Signs of DNA damage of spermatozoa were most pronounced within the first month after COVID-19 infection. A DFI greater than 25% (abnormal) was found in 10 (29%) early samples as compared with 6 (11%) and 5 (15%) samples after 1 month and more than 2 months, respectively (P=.049). Equally, mean HDS was higher in the group with short time lapse (19%) than in the groups with intermediate (16%) and long time lapse since infection (13%) (P=.036).

In regression analysis, examination time at less than 1 month after COVID-19 infection was associated with reduced sperm motility (P=.01), but also with reduced total number of sperm cells and sperm cell concentration per milliliter (P=.01) (Table 3 ). The titer of antispike 1 and anti-S1-RBD serum IgG antibodies correlated reciprocally with both motility (P=.04) and sperm cell count (P=.008).

Table 3

Spearman rho correlation of sperm quality parameters in relation to clinical characteristics and immunity parameters of participants in the SpermCOVID study.

Sperm quality	n	Risk factor						Time lapse period		Symptom score		Severity		sIgG-RBD		sIgG-N		sIgG-S1
		Age		BMI		Smoking
		r2	P	r2	P	r2	P	r2	P	r2	P	r2	P	r2	P	r2	P	r2	P
Volume	118	–.238	.009	–.111	.2	.065	.5	.019	.8	.001	1	–.04	.7	.131	.6	.064	.5	.107	.3
pH	118	–.01	.9	–.007	.9	–.059	.5	–.1	.3	–.025	.8	–.041	.7	.218	.018	.155	.11	.204	.028
Total no. of sperm cells	118	–.097	.4	–.094	.4	.072	.5	.26	.009	–.047	.6	–.101	.3	–.17	.09	–.168	.11	–.157	.12
Sperm concentration	118	–.091	.3	–.004	1	.074	.4	.257	.005	–.034	.7	–.101	.3	–.259	.005	–.253	.008	–.25	.007
Total mobility count	118	–.164	.076	.061	.5	–.055	.6	.247	.007	–.032	.7	–.196	.033	–.234	.011	–.185	.56	–.188	.043
Progressive mobility	118	–.194	.035	.106	.3	–.029	.8	.252	.006	–.087	.3	–.206	.025	–.236	.011	–.214	.27	–.185	.045
% ideal forms	118	–.15	.11	.023	.8	–.072	.4	.094	.3	–.05	.6	–.195	.034	–.177	.057	–.152	.12	–.161	.083
OAT severity	118	.123	.2	.68	.5	.084	.4	–.226	.014	.078	.4	1	.28	.287	.002	.26	.005	.314	.001
MAR IgG	114	–.009	.9	.011	.9	–.133	.16	.138	.014	–.056	.6	–.059	.5	.148	.12	.004	1	.151	.11
MAR IgA	106	.016	.9	–.112	.3	.042	.7	.11	.014	–.066	.5	–.025	.8	.055	.6	–.126	.2	–1.06	.28
HDS	118	–.185	.044	–.145	.12	–.07	.4	–.195	.014	–.132	.45	.126	.2	.21	.021	.064	.5	.21	.023
DFI	118	.218	.018	.073	.4	–.035	.7	–.032	.014	–.006	1	.179	.052	.34	.0001	.108	.3	.289	.002

Note: BMI = body mass index; DFI = DNA fragmentation index; HDS = high DNA stainability; MAR = mixed erythrocyte-spermatozoa antiglobulin reaction; OAT = oligo-astheno-teratozoospermia; sIgG-N = serum immune globulin G (sIgG) aginst the nucleotide; sIgG-RBD = sIgG aginst the receptor domain of S1; sIgG–S1 = SIgG against the antigen S1.
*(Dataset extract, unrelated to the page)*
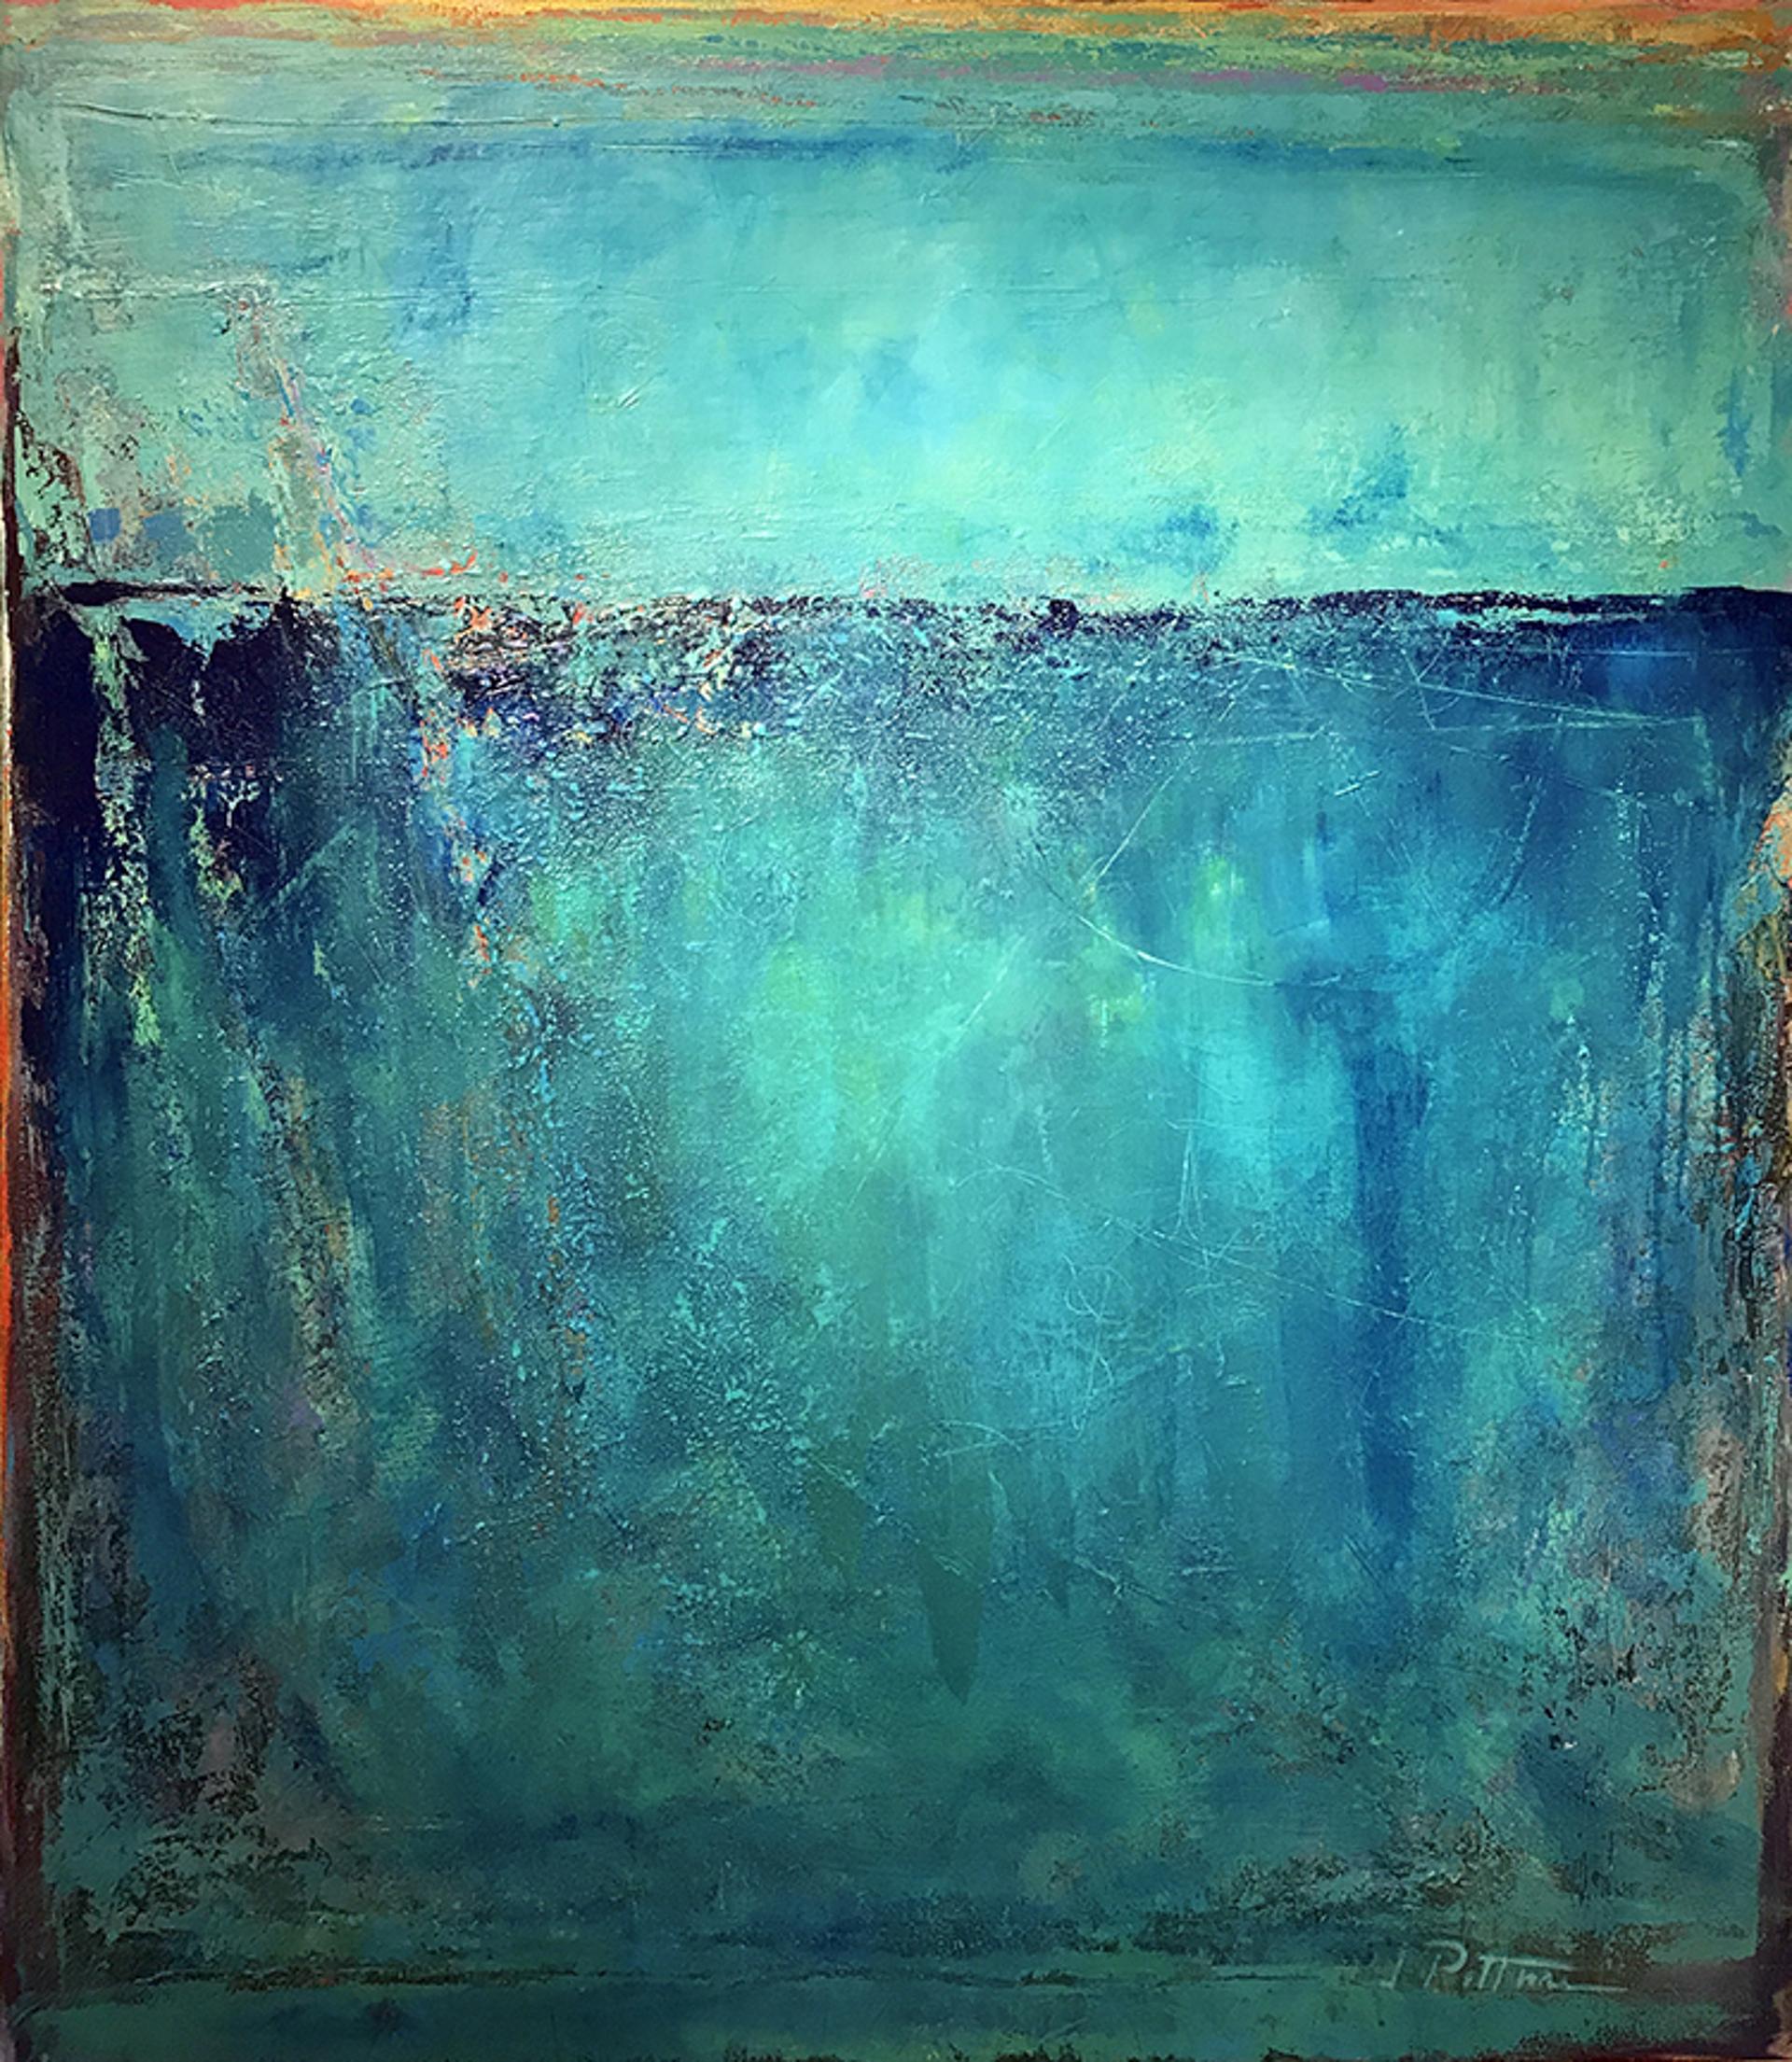 Blue Rain by Jim Pittman

Multiple regression analysis was appropriate for all variables included. Age, BMI, COVID-19 disease severity, time lapse after COVID-19, and antispike 1 SARS-CoV-2 antibody all showed VIFs less than 1.2 (Table 4 ). Sperm motility was affected by age (P<.005), time lapse after COVID-19 (P<.004), and anti-S1 SARS-CoV-2 IgG antibodies (P<.005). Reduced sperm concentration was correlated with the time lapse after COVID-19 (P=.048) and anti-S1 SARS-CoV-2 IgG antibodies (P=.034). In addition, DFI and HDS were correlated with age and anti-S1 SARS-CoV-2 IgG antibodies, and HDS was also inversely related to increased time lapse after COVID-19 and COVID symptoms (P=.02). Smoking, BMI, and severity of COVID-19 disease (admission to hospital) were not associated with any of the sperm quality parameters.

Table 4

Multivariate linear regression analysis testing mean sperm progressive motility, mean sperm concentration, DNA stability (fragmentation index and high DNA stability percentage) and MAR test against different variables related to the past COVID-19 infection patients have experienced.

Sperm characteristics	VIF	Progressive motility (%)		Concentration (×106/mL)		DFI		HDS		MAR direct IgG
Variables included in model		t	P value	t	P value	t	P value	t	P value	t	P value
BMI	1.154	1.07	.29	–.46	.65	1.86	.07	.15	.88	1.17	.25
Current smoking	1.084	–.55	.58	1.30	.20	.40	.69	–.98	.33	–.80	.43
Age	1.204	–2.87	.005	–.11	.92	3.98	.000	–3.12	.002	–.59	.56
Time lapse since COVID–19	1.039	2.92	.004	2.00	.048	–1.51	.14	–2.32	.022	.10	.92
Total symptom score	1.166	–1.18	.24	.06	.95	.03	.98	–2.33	.022	–.69	.49
COVID–19 severity	1.410	–.35	.73	–.33	.74	–.13	.90	1.53	.13	–.35	.73
Serum antispike–1 IgG	1.224	–2.83	.005	–2.15	.034	3.54	.001	2.21	.029	–.77	.45

Note: VIFs of all variables were between 1.1 and 1.4, indicating absence of collinearity (VIF < 5). DFI = DNA fragmentation index; HDS = high DNA stability; MAR = mixed erythrocyte- spermatozoa antiglobulin reaction; VIF= variance of inflation factor.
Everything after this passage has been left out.